Chime Financial Inc (CHYM) is a technology company in the Software - Application industry that operates a consumer-focused fintech platform built around deposit and payment products and, more recently, credit/origination products (branded MyPay). In Q2 2025 Chime reported $528.1M in quarterly revenue (YTD $1,046.9M), driven by a 23% increase in Active Members to 8.7M and an 18% rise in Purchase Volume to $32.43B; payments revenue remains the largest component while platform-related revenue (largely MyPay) more than doubled.
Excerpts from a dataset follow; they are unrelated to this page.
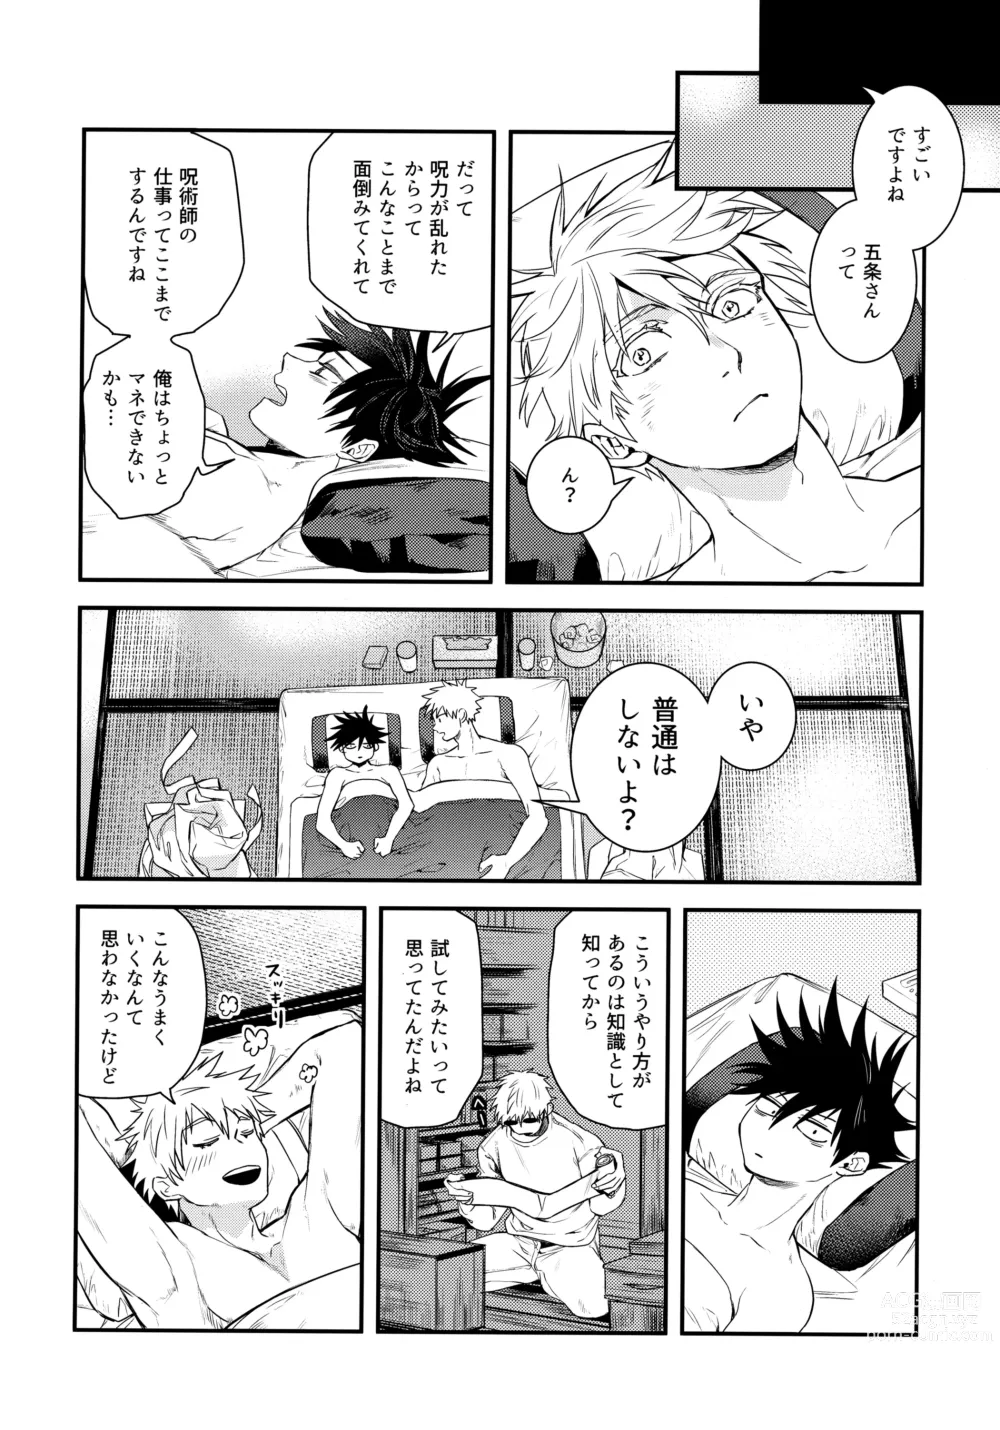 Page 15 of doujinshi Jyuryoku no Koukan Dekiru?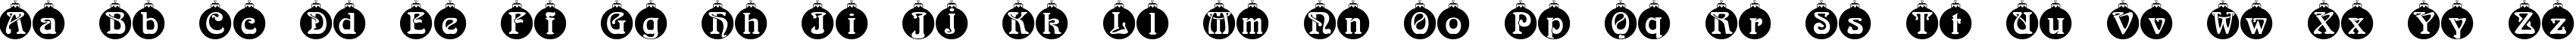 Пример написания английского алфавита шрифтом Christbaumkugeln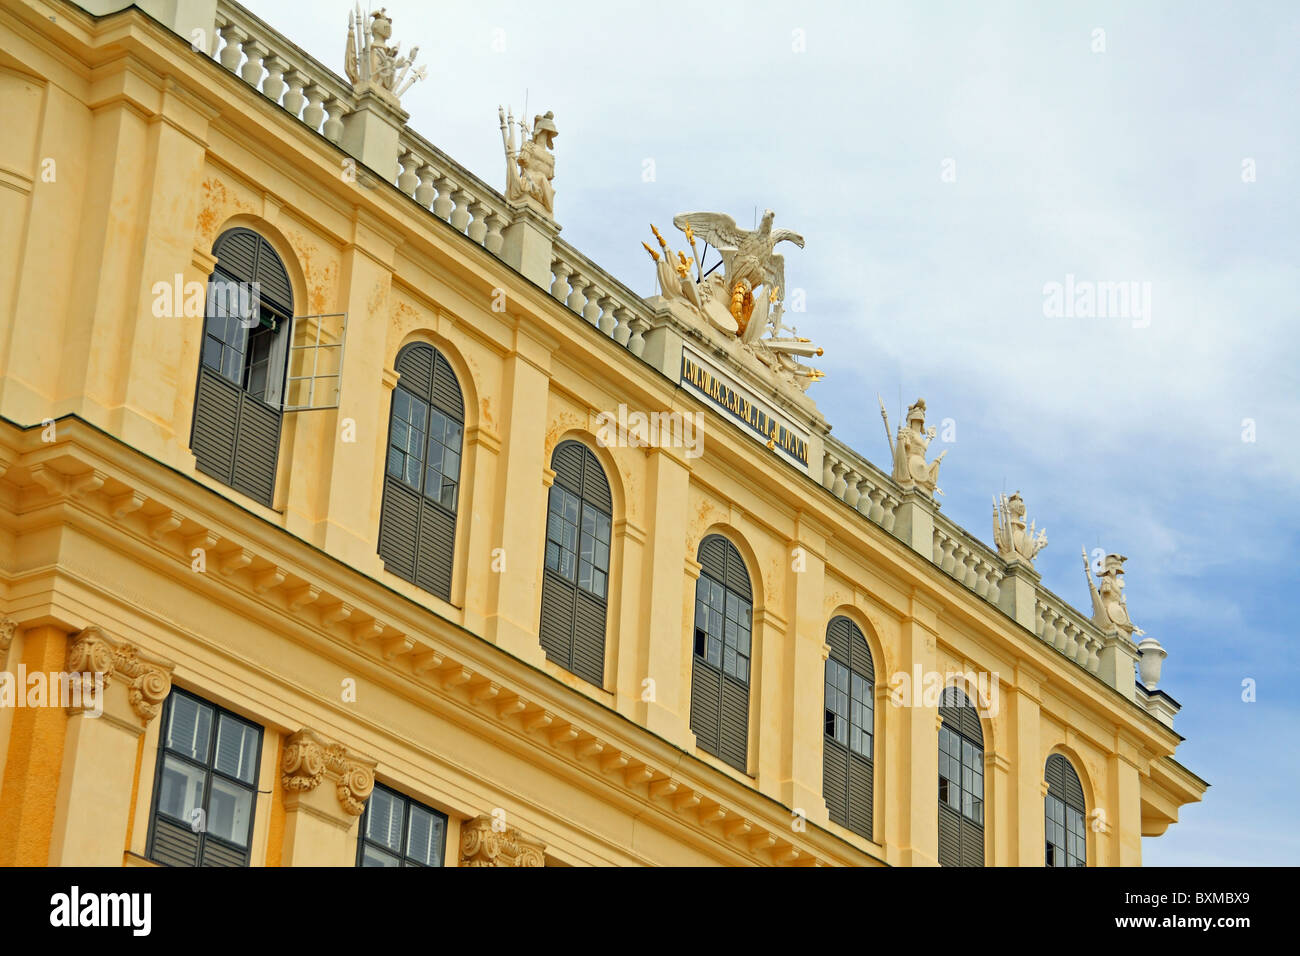 De Albacete / Le palais de Schönbrunn, à Vienne en Autriche. Une ancienne maison d'été impérial de la dynastie des Habsbourgs Banque D'Images

The company completed its IPO on June 13, 2025 (net proceeds ≈ $770.6M) and reported substantial cash and revolver capacity, but GAAP results show a large net loss in Q2 driven primarily by one-time stock-based compensation recognized on IPO-related vesting. Management highlights strong gross margins (~87%) and improving adjusted EBITDA (3% margin) but flags scaling MyPay credit risk, bank partner dependency, and ongoing seasonality of purchase volume.
Compensation at Chime is equity-heavy and driven by rapid user and payment-volume growth metrics: active members, purchase volume, interchange economics, payments revenue, and platform credit performance (MyPay originations/loss rates) are likely key performance levers for incentives. The Q2 recognition of ~$928.1M in stock-based compensation (≈$885.8M RSUs) upon IPO-related liquidity vesting shows the company uses large RSU grants and vesting triggers tied to corporate liquidity events and retention, which can produce extreme GAAP volatility even when operating cash flows improve. Given fintech economics, management pay packages probably blend modest cash compensation with meaningful long‑term equity to conserve cash while rewarding scale and product adoption; bonuses and LTIP payouts will likely reference adjusted EBITDA, growth in active members, and loss rates on credit products. Expect continued use of equity for retention as MyPay scales, with supplemental pay elements linked to regulatory/compliance milestones and bank-partner stability.
The IPO-triggered RSU vesting and the concentration of equity in insiders create a heightened likelihood of significant insider share sales once formal lockups or trading plan constraints expire, and past RSU taxation pressures can prompt near-term sales even during constructive operational runs. Insiders are subject to Section 16 reporting (Form 4) and typical blackout windows around earnings and material disclosures; many executives will use Rule 10b5-1 trading plans to avoid accusations of trading on material nonpublic information—watch filings for new or amended 10b5-1 plans and clustered Form 4 activity after lock-up expirations. Because Chime depends on bank partners and is exposed to credit/regulatory risk as MyPay scales, material operational updates (credit loss spikes, bank partner limits, or regulatory notices) are likely catalysts for abrupt stock moves and thus for changes in insider trading behavior and disclosure frequency.